# Roadies de aca en Monterrey...



## mtymxdh (Jan 14, 2005)

¡¡¡ haganme el recabr*n favor !!! :madman:










sin comentarios... 

la "bodega" que esta al fondo es esta tienda: https://www.concepto360.com.mx/
se le borro la fecha a la foto, por eso se ve como si la llanta delantera estubiera ponchada


----------



## mtymxdh (Jan 14, 2005)

al chile ni un solo comentario?


----------



## rzozaya1969 (Nov 28, 2004)

mtymxdh said:


> al chile ni un solo comentario?


Que?

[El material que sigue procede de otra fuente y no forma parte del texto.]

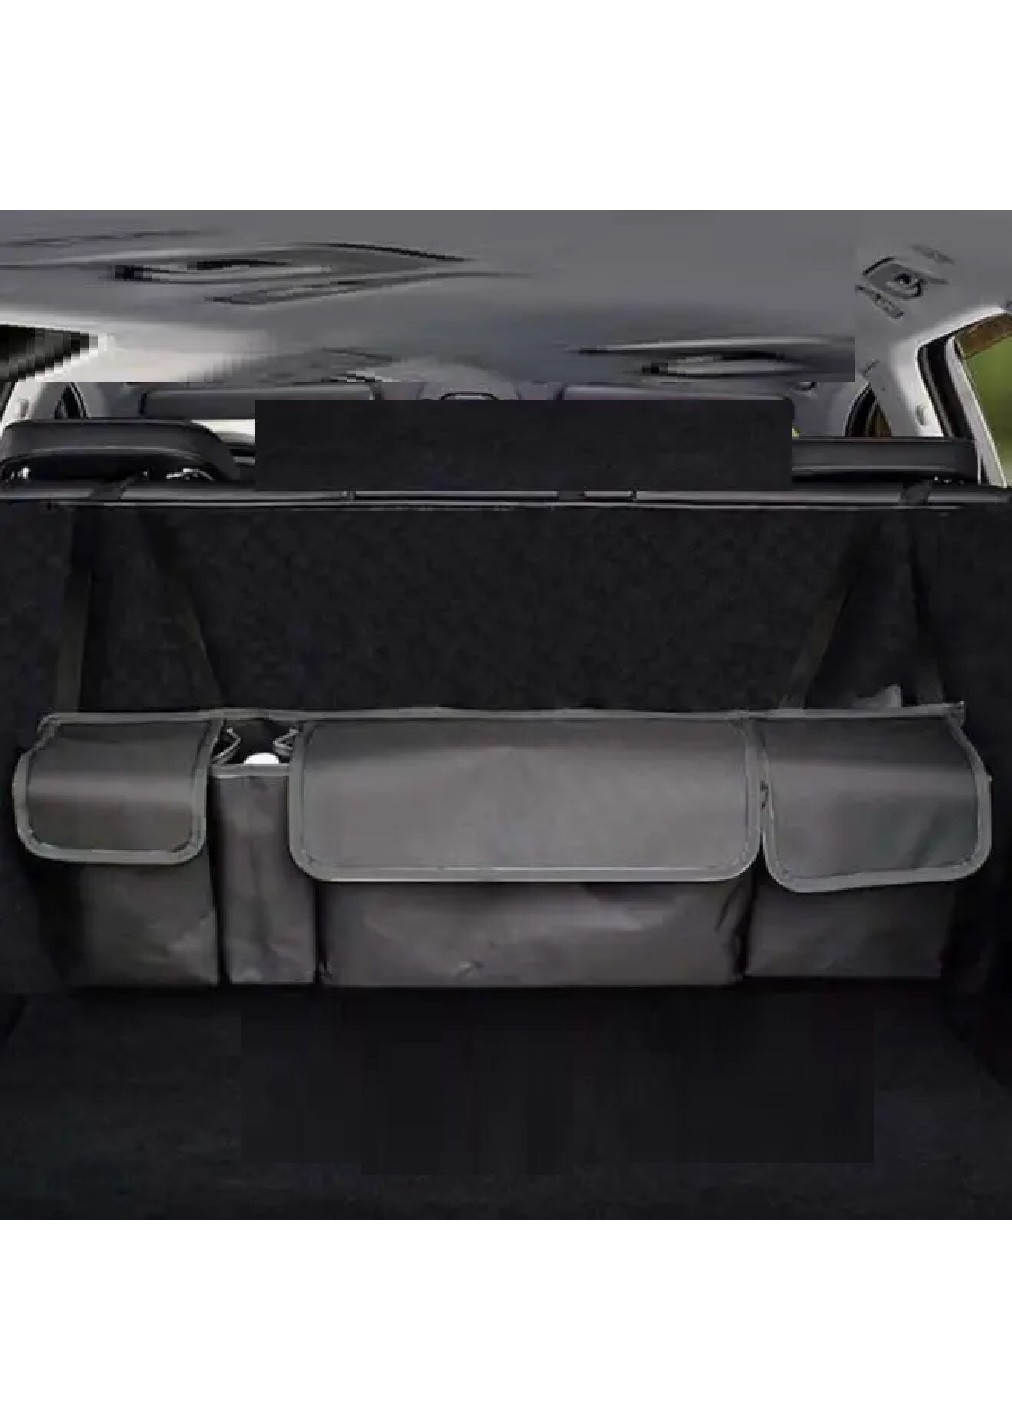 Автомобильный подвесной компактный органайзер на спинку сидения для багажника 90х25 см (474967-Prob) Темно-серая окантовка Unbranded (260517424)

No llego a ver ninguna bici...


----------



## eyderman (May 13, 2004)

*que irresponsable!*

Ah, ya sé a lo que te refieres, a que con ese rack cualquier bici que cargues estaría en riesgo o demasiado expuesta si ocurriera algo como esto...


















:nono:


----------



## eyderman (May 13, 2004)

O que para una sola bici mejor debió haber seleccionado un simple rack de cajuela como este?


----------



## eyderman (May 13, 2004)

*ahora sí lo tengo!*

Creo que sobre todo te refieres a que ese rack estorbaría mucho en caso de que el dueño quisiera hacer una sesión fotográfica como esta...


----------



## martinsillo (Jul 31, 2009)

y hablando de los roadies de MTY, la gente desesperada buscando agua, víveres, etc, etc. y ellos rodando en las calles! llenas de barro btw!

solo si son profesionales tendría sentido...y quien sabe?...si no, no manches, aguantate un poco! en estos momentos no hay forma en la que me pueda ver identificado con ellos.


----------



## Warp (May 24, 2004)

El Lambo tiene ponchada la llanta delantera??? Era eso?? Hay que ponerle Stan's...


----------



## mtymxdh (Jan 14, 2005)

Warp said:


> El Lambo tiene ponchada la llanta delantera??? Era eso?? Hay que ponerle Stan's...


se le borro la fecha a la fotografia...


----------